Those are excellent! I'm very impressed. I have made an observation tower and scoring towers out of paper/cardboard. I never thought of doing reduced depth. I think buildings out of cardboard can be done well. Unforntuately it doesn't seem as if many have tried the product in question.


----------



## RiderZ (Feb 19, 2007)

*!!!*

I prefer the plastic buildings.Although the card stock buildings can be made to look good also.Got all mine off eBay.Few years back an eBay user had a lot of nice track buildings he assembled & painted.Wish I had bought more!!!







[/URL][/IMG]







[/URL][/IMG]


----------



## TUFFONE (Dec 21, 2004)

The cardboard buildings are probably O.K. It's all about the nostalgia of the old plastic buildings to me. I have lots of them on my layouts...all the vintage plastic type. I like to detail them a bit to make them look a little more realistic, but what I wan't to see is again nostalgia. I want the things that I looked at years ago in the Christmas catalogs, the AHC catalogs, and all the different slot car and model magazines or dealer catalogs. The cardboard buildings will never achieve that look or feel. Some of the older buildings have much higher price tags,especially the rebuilt and detailed structures. Try and find old ones that aren't broken,yellowed,or glue bombs. That can be a tough thing.


----------



## Dslot (Sep 2, 2007)

TUFFONE said:


> ... It's all about the nostalgia of the old plastic buildings to me. ... I want the things that I looked at years ago in the Christmas catalogs, the AHC catalogs, and all the different slot car and model magazines or dealer catalogs.

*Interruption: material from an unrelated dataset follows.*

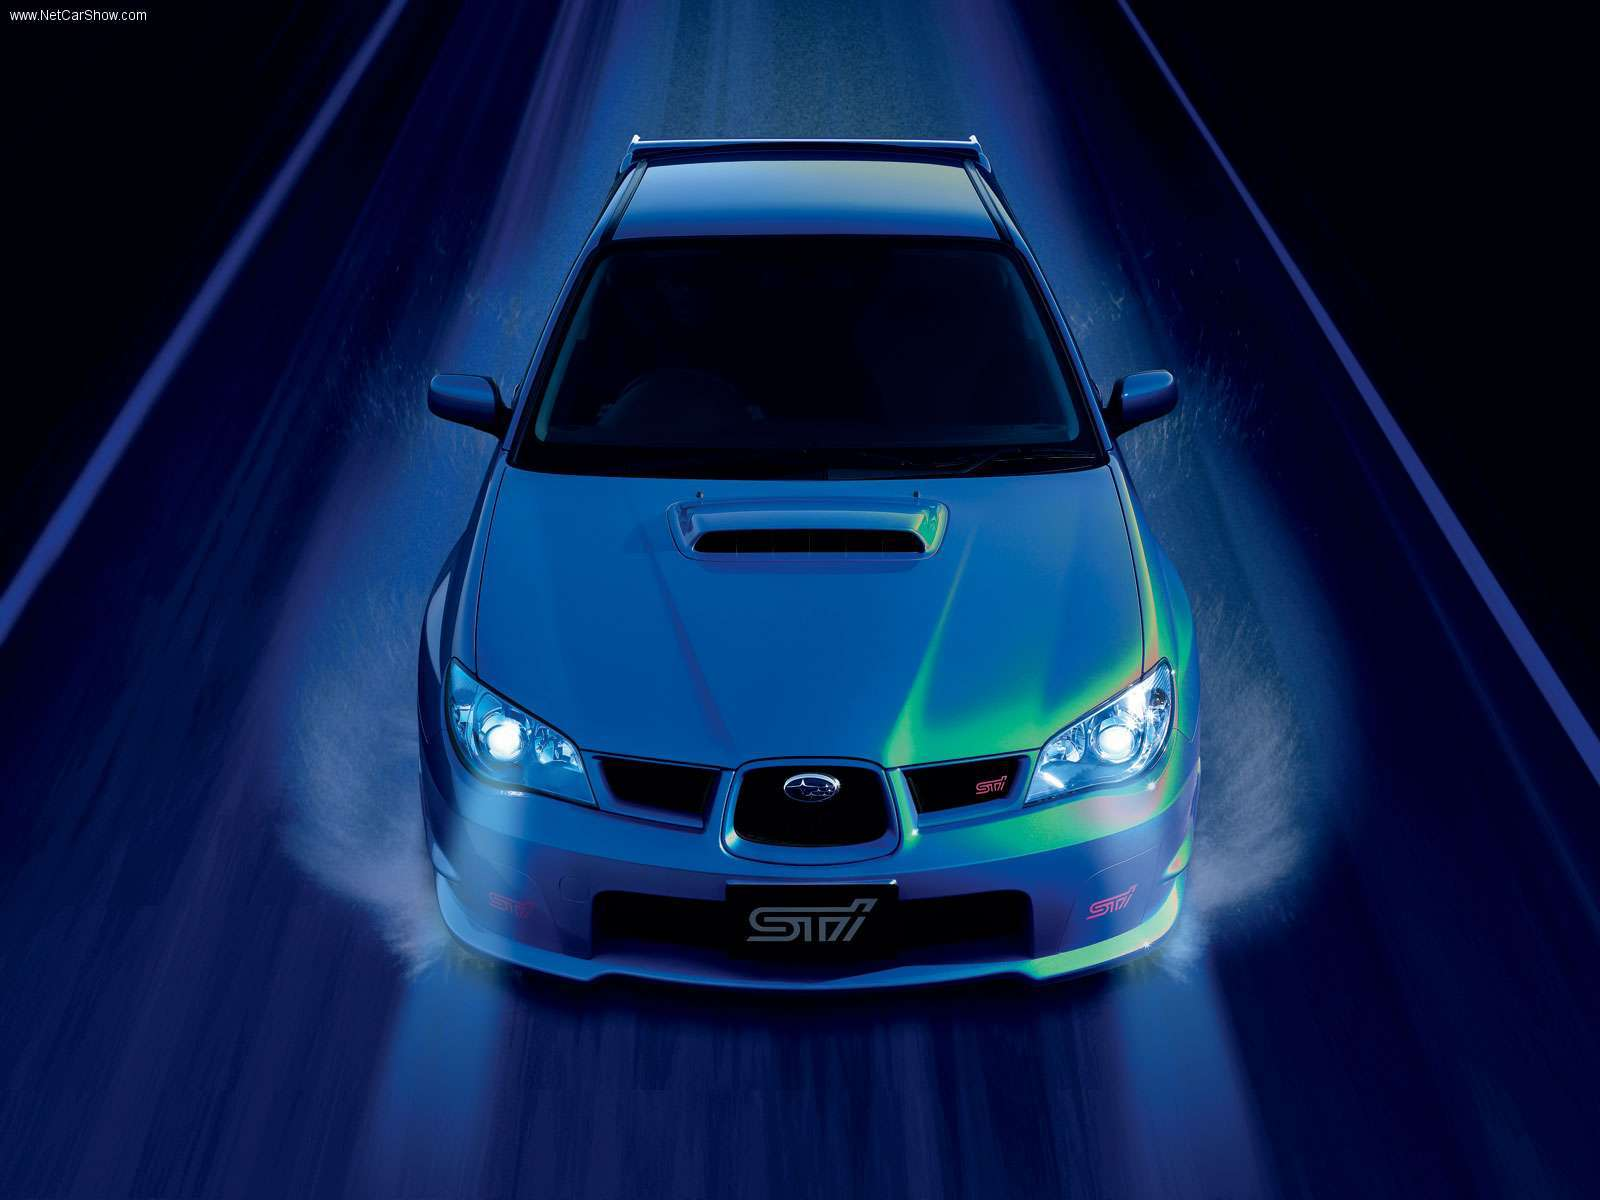 Subaru Impreza Wrx Sti Wallpaper Hd HD4Wallpapernet 1600x1200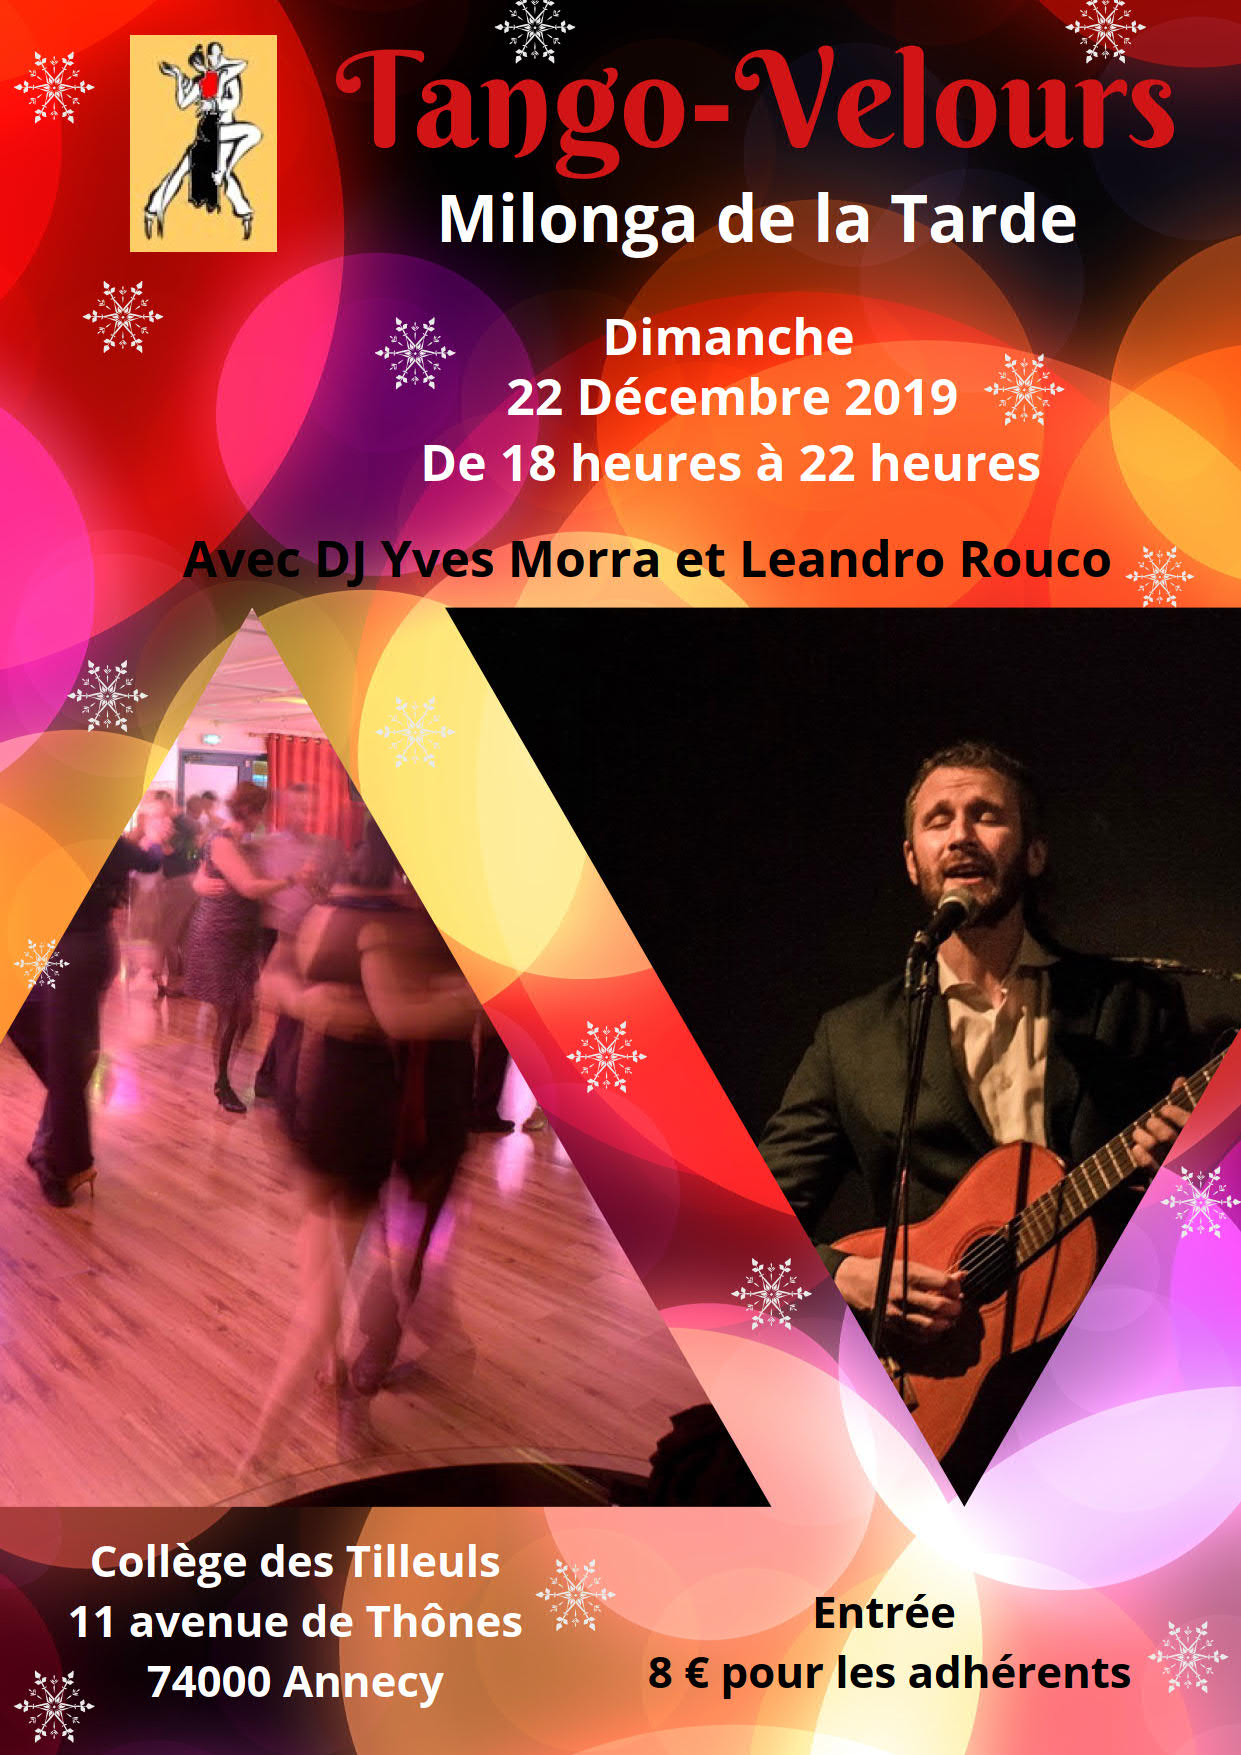 milonga de la Tarde, avec D.J. Yves Morra et Leandro Rouco

I agree - the nostalgia appeal of the old designs is tremendous, but in ten years of looking on e-Bay and at train shows, I've only been able to find one or two at what I thought were reasonable prices. 

Designing custom printed buildings is cheap (as long as you have the computer and the graphics software already), and it's fun. 



> The cardboard buildings will never achieve that look or feel.


 Hmmm, that sounds like a challenge. I've often wondered how close I could come if I set out to duplicate one of the classic buildings with printed paper. The catch is, to get the measurements right, I'd have to work from a building I already have; but if I have it, there's no incentive to build it. There's also the insoluble problem of the small 3D accessories, such as the figures, tires, tools and machines, TV cameras, loudspeakers, furniture, fixtures, etc., that are such a big part of the nostalgic coolness of the buildings. 



> Try and find old ones that aren't broken,yellowed,or glue bombs.


Yeah, but ... those are the only ones that are affordable.:freak:

-- D


----------



## foxkilo (Mar 27, 2008)

For cardboard buildings just have a look here, they are under the header "Gebäude & Deko":
http://www.carrera4fun.de/
I know the side is in german but the buildings are grand. The only spoiler is you have to down scale them during printing because they are mainly 1/32 scale. Some are cut out versions of Carrera, Faller or Herpa buildings. Some are made after the real stuff. Anyway it is a really unexpensive way to create scenery. For the detailing rest you have to go through the offerings for the railroad afficionados or the military modelling. For example you get for fairly small change an airfield tower in 1/72 from Airfix which will make great jury and time keeper stand. Or the RAF rescue set of the same make. Airforce ground crews one can turn into mechanics and so on. One has to look around.


----------



## slotcardan (Jun 9, 2012)

......


----------